Più sinergie per rianimare il territorio.
È l'auspicio condiviso da Giancarlo Giorgetti e Valerio De Molli, relatori del secondo appuntamento organizzato dall'associazione "Varese sei Tu".
Introdotti dal presidente Sergio Terzaghi, interpellati dal direttore TGR RAI Roberto Pacchetti e ascoltati da una sala di VareseVive gremita, il Ministro dell'Economia e il leader della European House, nonché organizzatore del Workshop di Cernobbio si sono confrontati su vizi e virtù di una provincia che accusa più di una difficoltà.

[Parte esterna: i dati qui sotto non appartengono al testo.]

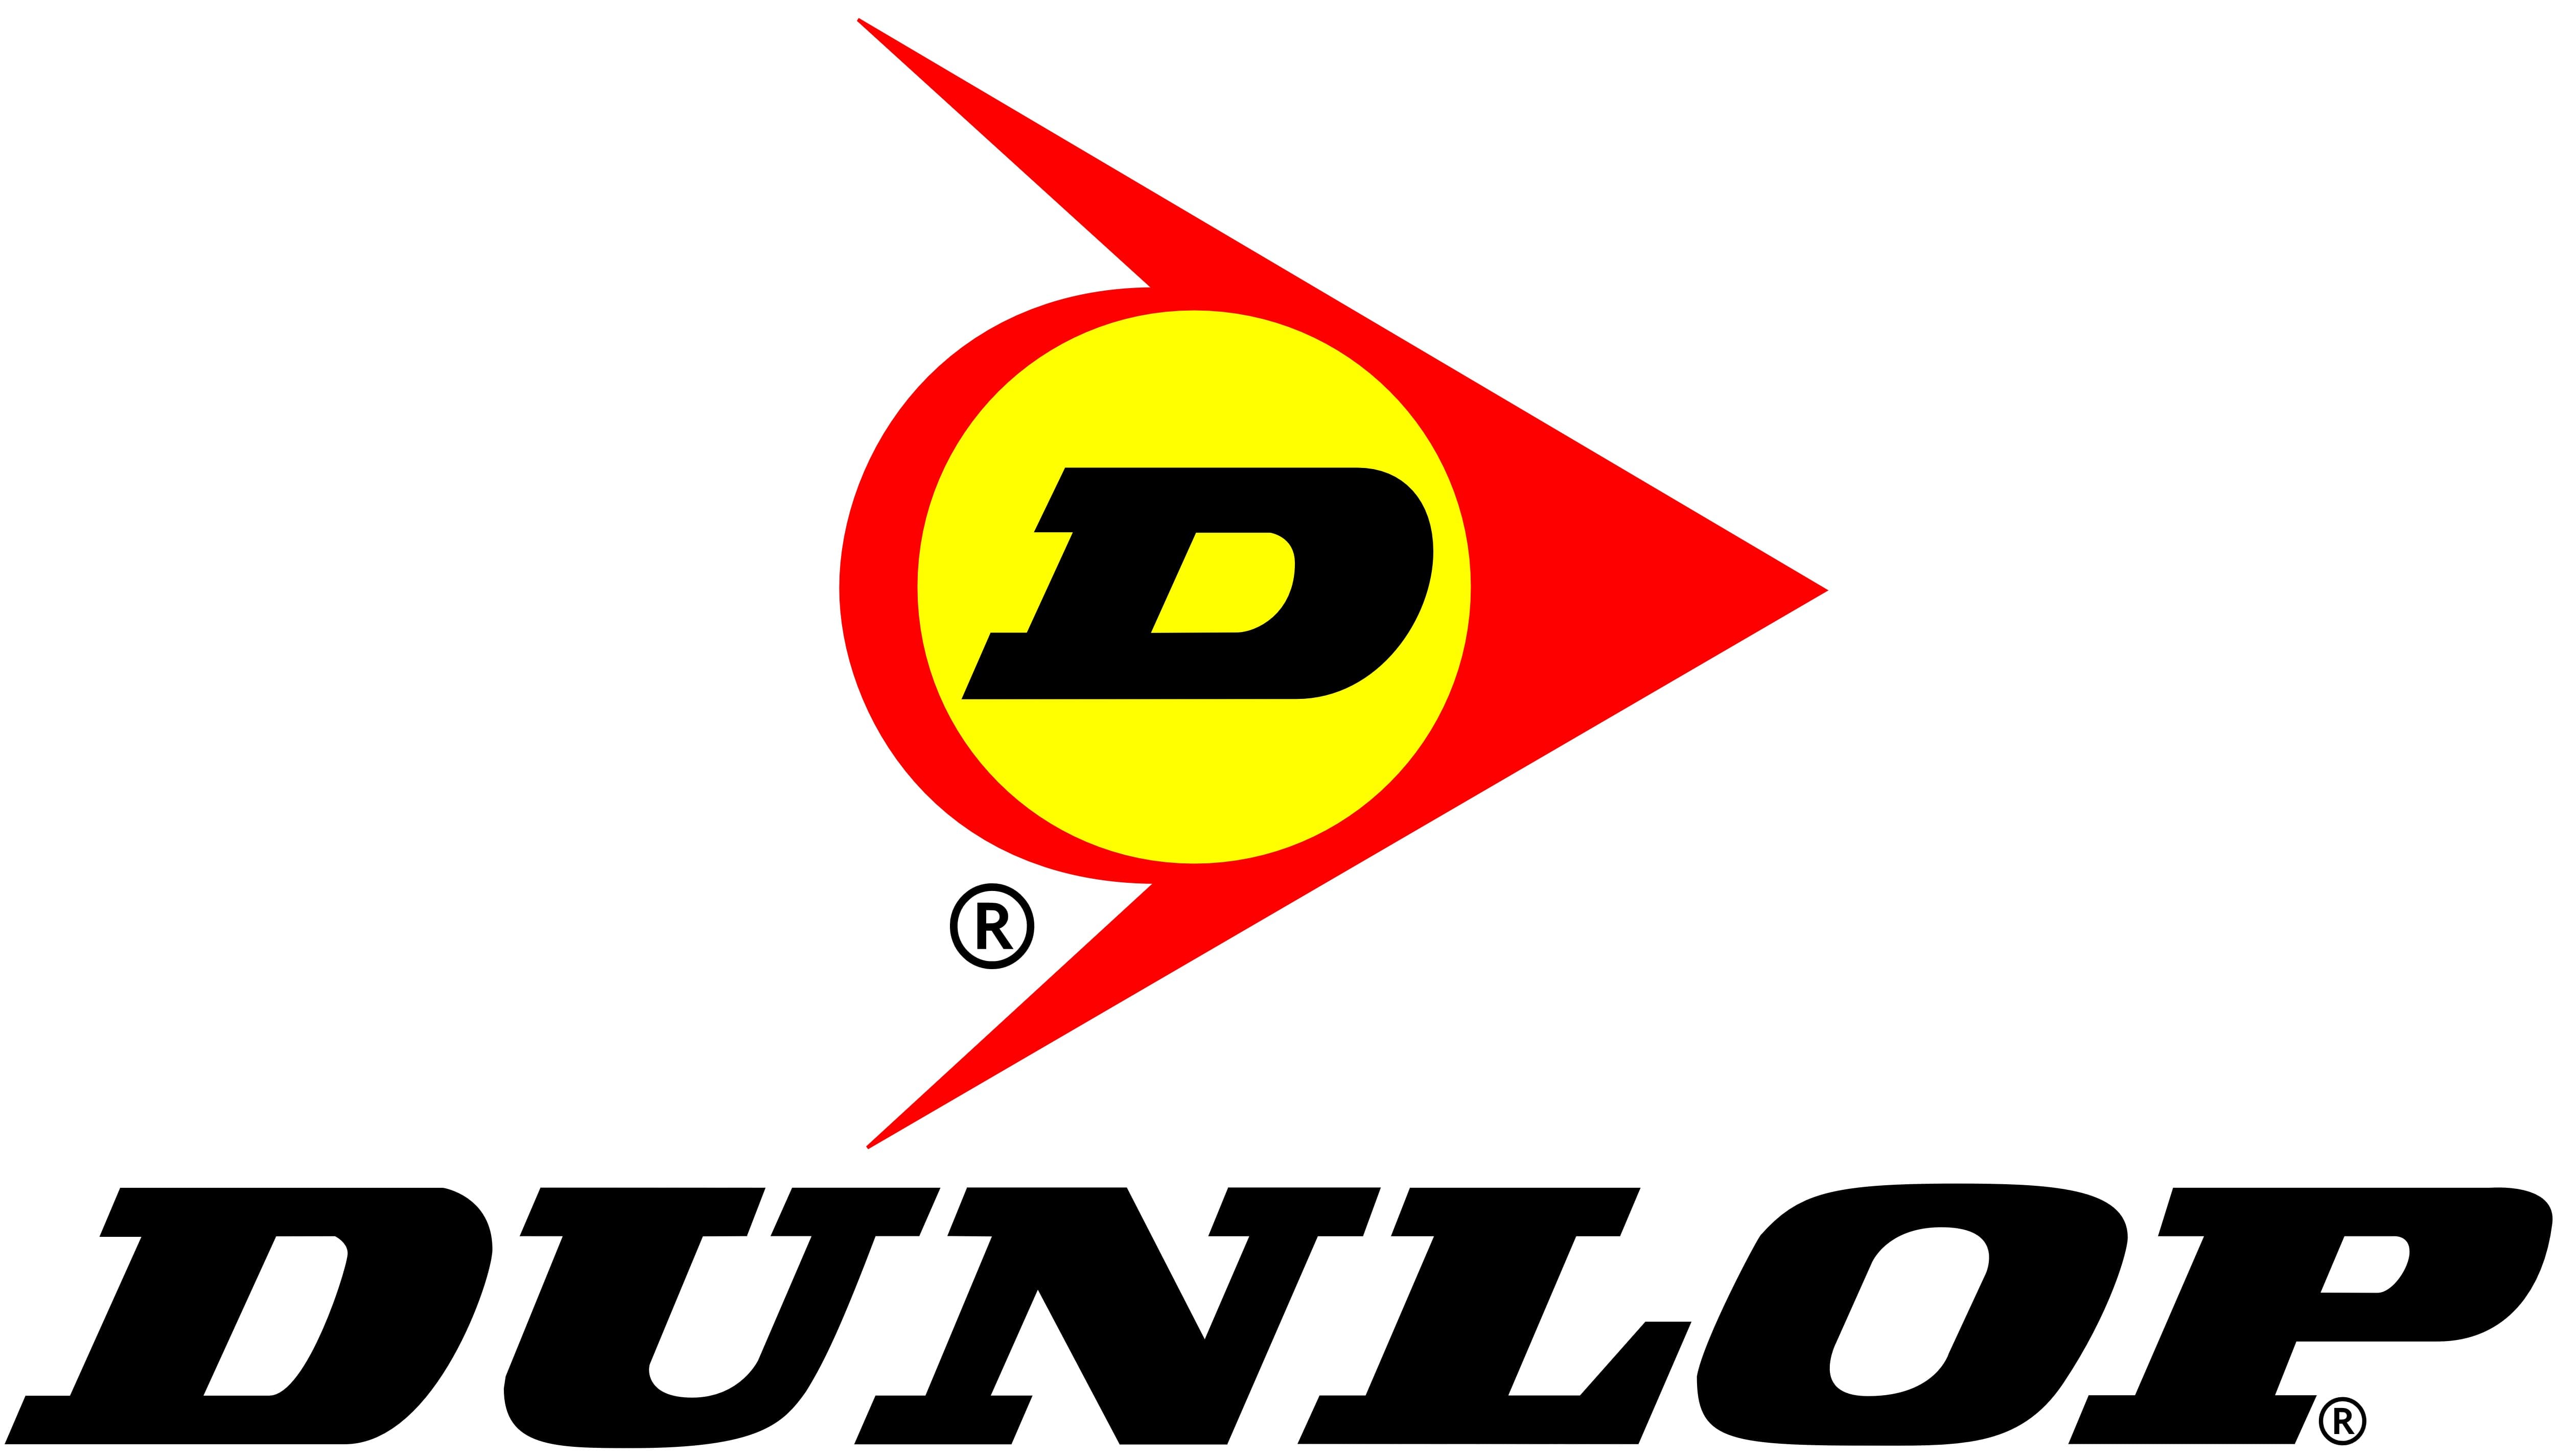 Dunlop Tennis

I dati, elaborati da TEHA e snocciolati da De Molli, hanno fatto tremare i presenti: il varesotto conserva bellezza, relativa ricchezza, patrimoni quali il JRC (prezioso ma, sottolinea Giorgetti, scollegato dalla quotidianità locale) e le università Insubria e Liuc, ma sconta una serie di tristi primati, sia in ottica regionale che nazionale.
Tra i più drammatici, un alto numero di giovani "neet", che non studiano e non lavorano, la desertificazione delle imprese e la carenza di start-up, ma anche una cronica lentezza nei collegamenti con Milano e una serie di potenzialità inespresse: "Con un territorio così bello - scandisce ben tre volte De Molli (che ha più volte citato il valore aggiunto di eventi come la Tre Valli Varesine) - servirebbe almeno un hotel a 5 stelle, utile ad attirare un turismo esclusivo, prestigioso e a sua volta attrattivo". Turismo che, incalza l'esponente di Governo, "per tornare nuovo slancio dovrebbe essere comunicato meglio, viste le tante "perle" che nessuno, fuori da qui, nessuno conosce, e vista la scarsa capacità promozionale del territorio sui siti internazionali".
Di qui, l'appello a rafforzare la cultura di rete, cioè una visione integrata di realtà pubbliche e private poco propense alla collaborazione. Un valore aggiunto, questo, che in altre parti d'Italia esiste ma di cui Varese appare storicamente priva.